With past finalists including such heavy hitters as Harvard Business School, MIT Sloan School of Management and the University of Pennsylvania’s Wharton School, and current competitors representing schools like Dartmouth’s Tuck School of Business and the University of Texas’s McCombs School of Business, the competition was anything but easy. Nonetheless, TCU competitors Mitch Howe, Jon Gulbransen and Paige Sabo used their creativity and business prowess to take first place.
Three graduate business school teams made it to the finals of the First Pitch Case Competition, which was held during the MIT Sloan Sports Analytics Conference in the beginning of March.
The teams were asked to develop and analyze solutions for a sports media company whose revenue source—from TV for a single sports franchise—was becoming difficult to maintain. The three final teams, from TCU, Tuck and McCombs, presented their ideas in front of judges in Boston.
“Being more creative and less reliant on simple finding and analyzing numbers won us points with the judges,” commented team member Mitch Howe in a statement. “We were well prepared to answer qualitative questions in the Q&A, instead of struggling to defend quantitative assumptions.”
The team from TCU focused on the National Hockey League’s Las Vegas Golden Knights franchise, presenting a strategy for a virtual reality game distribution model that would allow fans to be a direct part of every game.
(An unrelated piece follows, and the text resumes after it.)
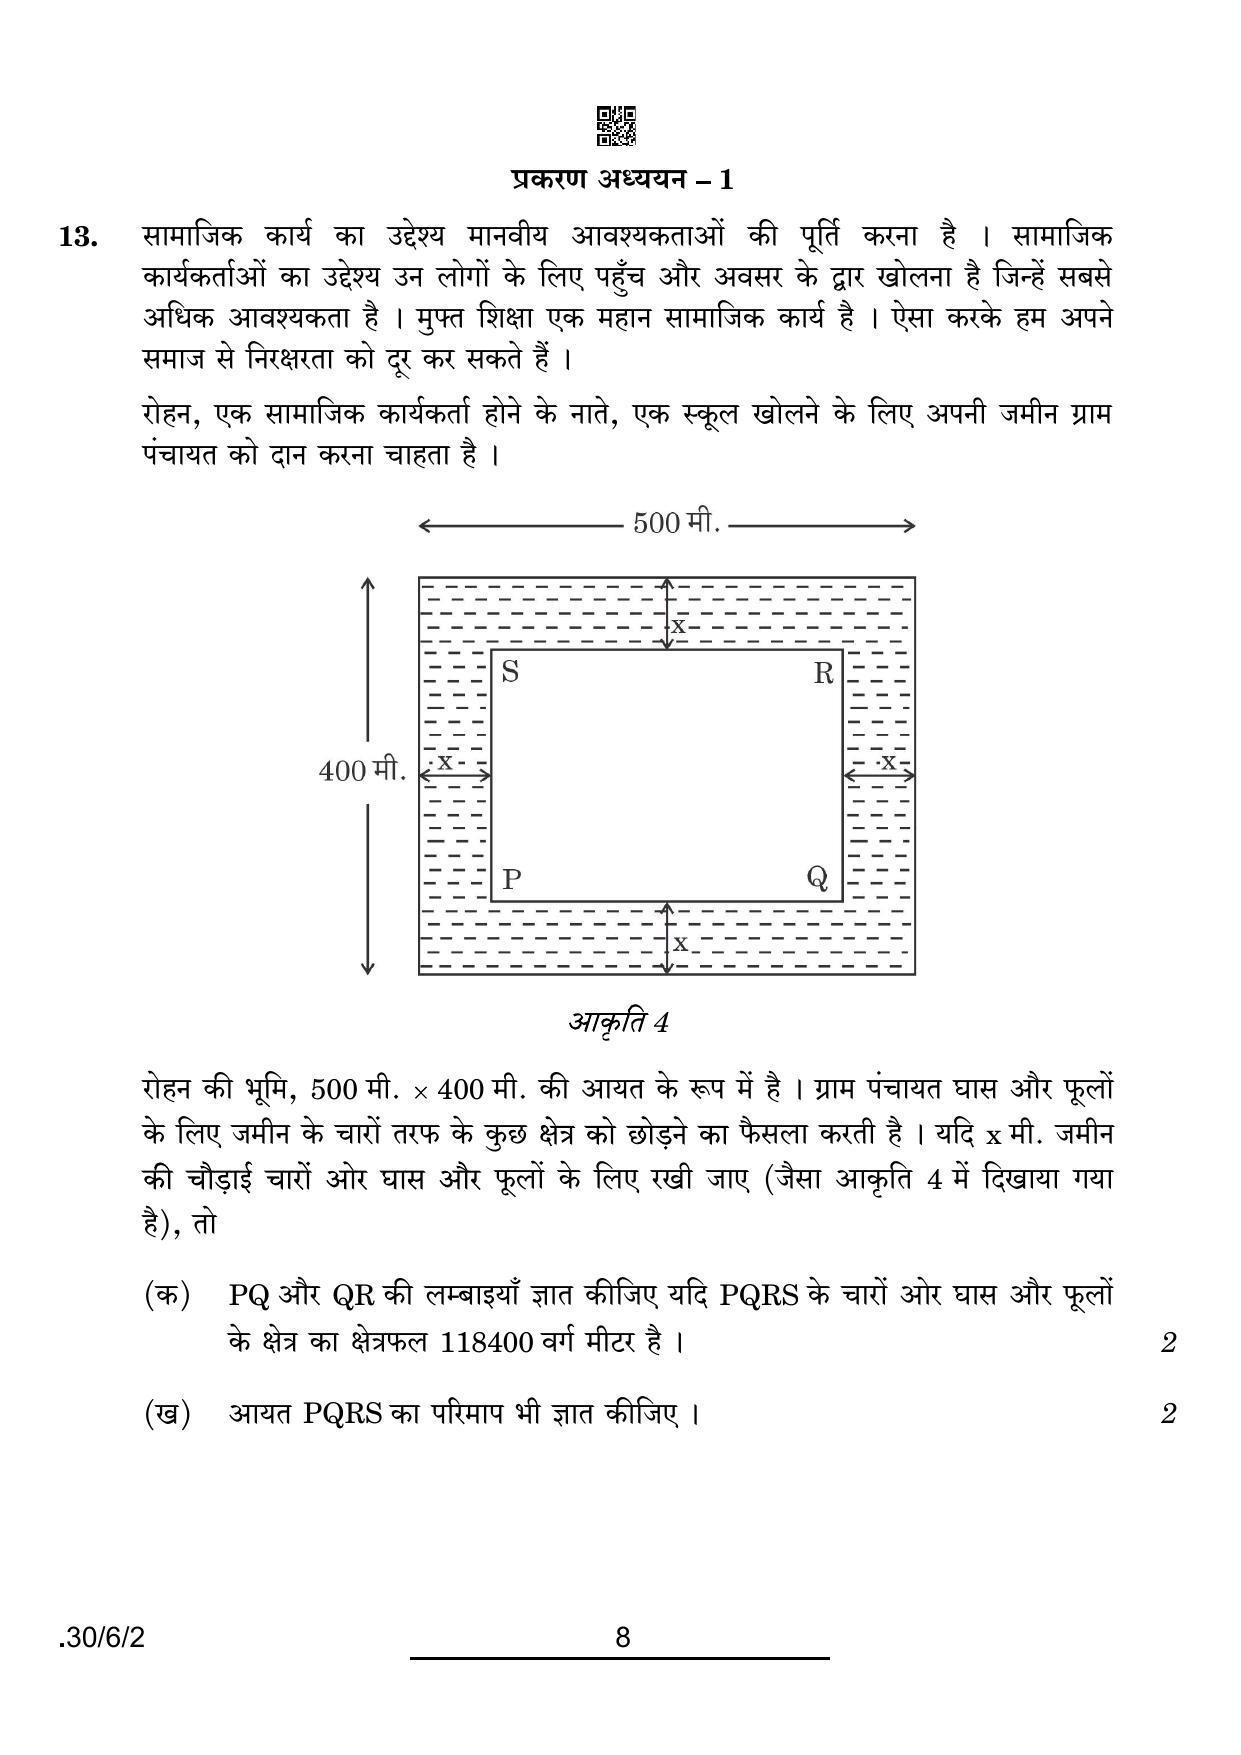 CBSE Class 10 30-6-2 Maths Std. 2022 Compartment Question Paper - Page 8

The team also suggested partnering with WaitTime, which could enhance the experience for fans while in the arena.
Team member Jon Gulbransen commented that the win validated the high quality of their business education at TCU. “We put together a comprehensive solution that encompassed all the stakeholders using our critical thinking skills,” Gulbransen said in a statement, “and we confidently presented to a room of bright, experienced professionals, just as we do on a regular basis at TCU.”